Here we have described the first draft assembly and annotation of the C. crocodilus genome. We feel these data can assist natural resource management, ecotoxicology, agriculture, as well as research into broader questions about the interplay between microevolutionary and macroevolutionary processes across broad biogeographic scales. In addition to potentially facilitating both basic and applied research into C. crocodilus biology, our C. crocodilus genome sequence expands the available crocodilian genome sequences to include the subfamily Caimaninae, the extant sister group to Alligator and a major crocodilian lineage hitherto unrepresented among assembled genome sequences.

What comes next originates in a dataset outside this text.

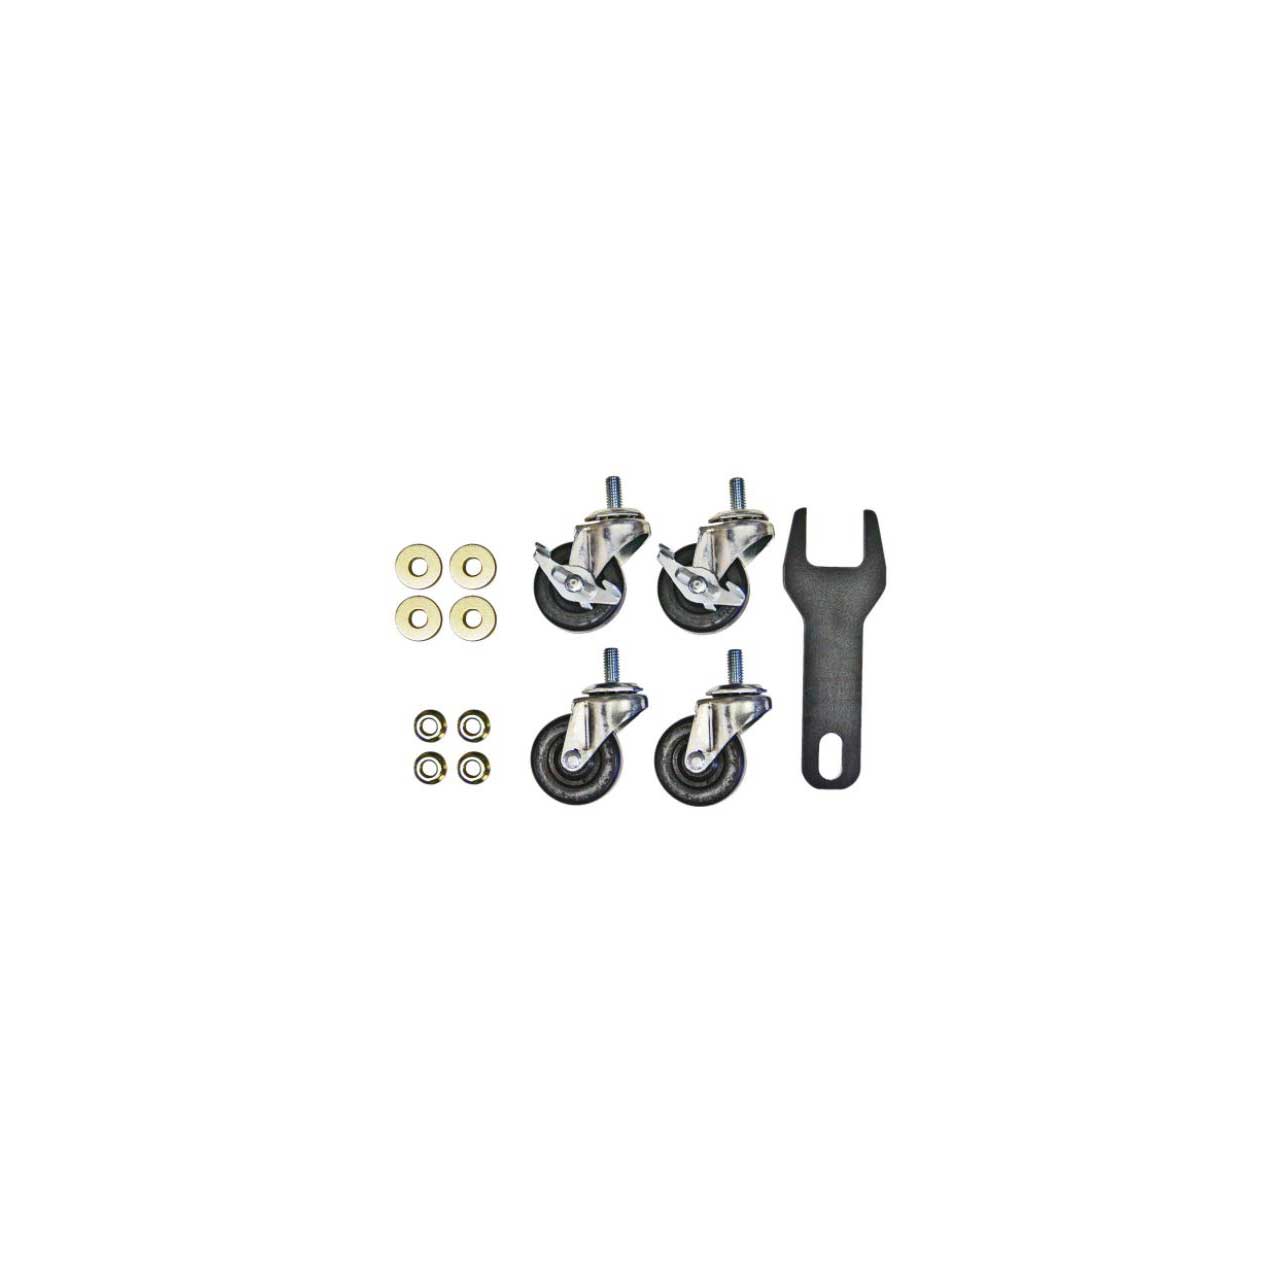 Hannay Reels 99 49-0073 Caster Kit for AV-1 and AVD-3 Cable Reels with Wrench and Hardware
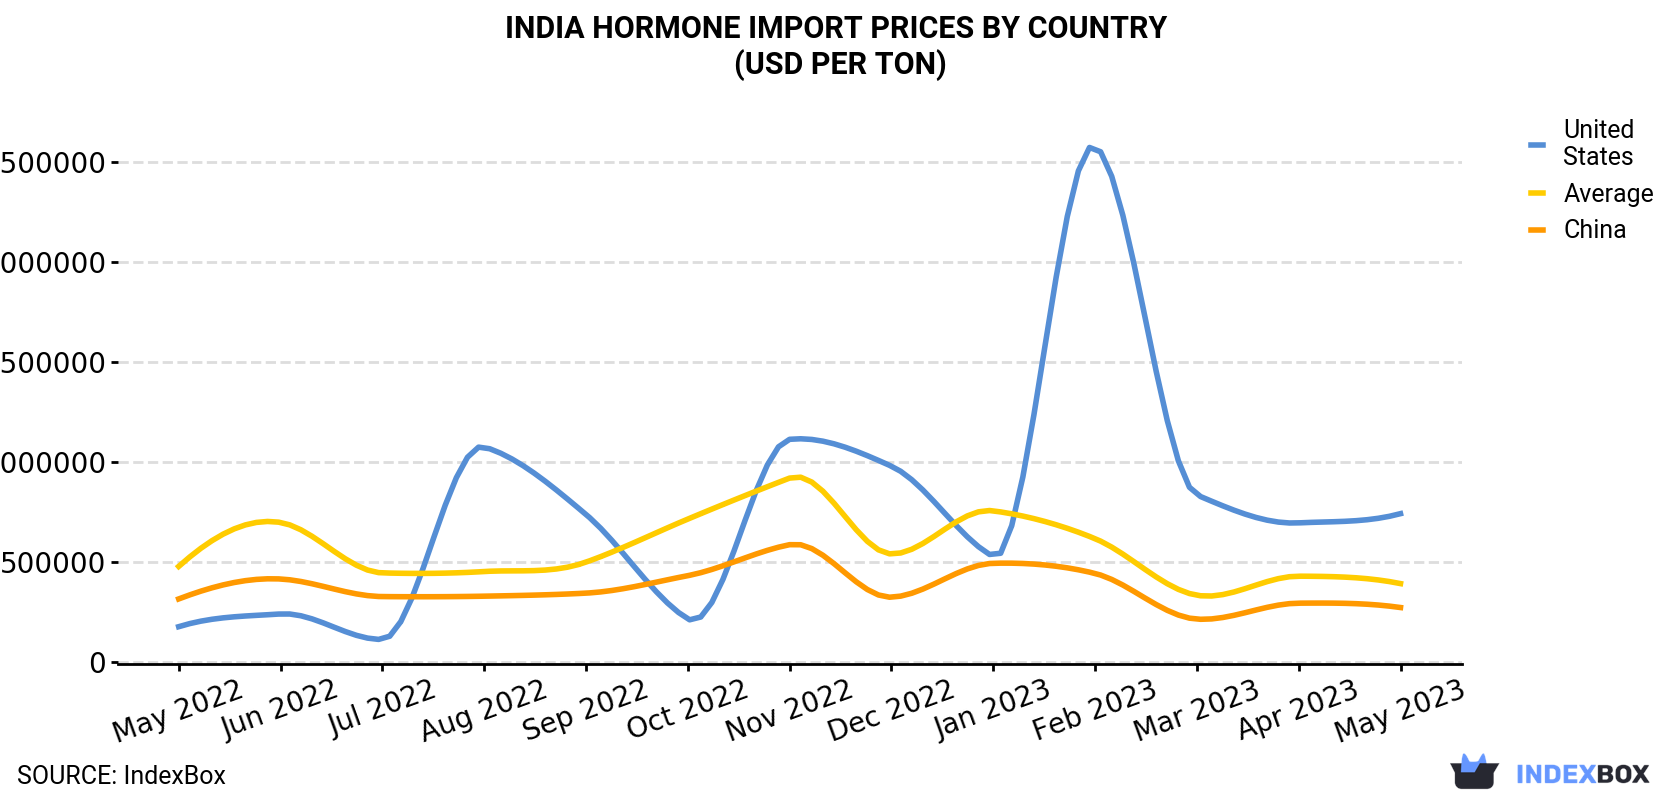 India Hormone Import Prices By Country (USD Per Ton)

Our assembly can thus provide a useful resource not only for crocodilian genomics, but also for archosaur, reptile and amniote comparative genomics more broadly.

Data availability

The draft C. crocodilus genome assembly and sequence data have been deposited with the National Center for Biotechnology Information with accession numbers JAGPOW000000000.1 for the assembly, and SRR22317059 for the sequence read archives under Bioproject PRJNA716363. At present, the draft annotatation is in processing at the National Center for Biotechnology Information and is currently available for review at (doi.org/10.5281/zenodo.4755063).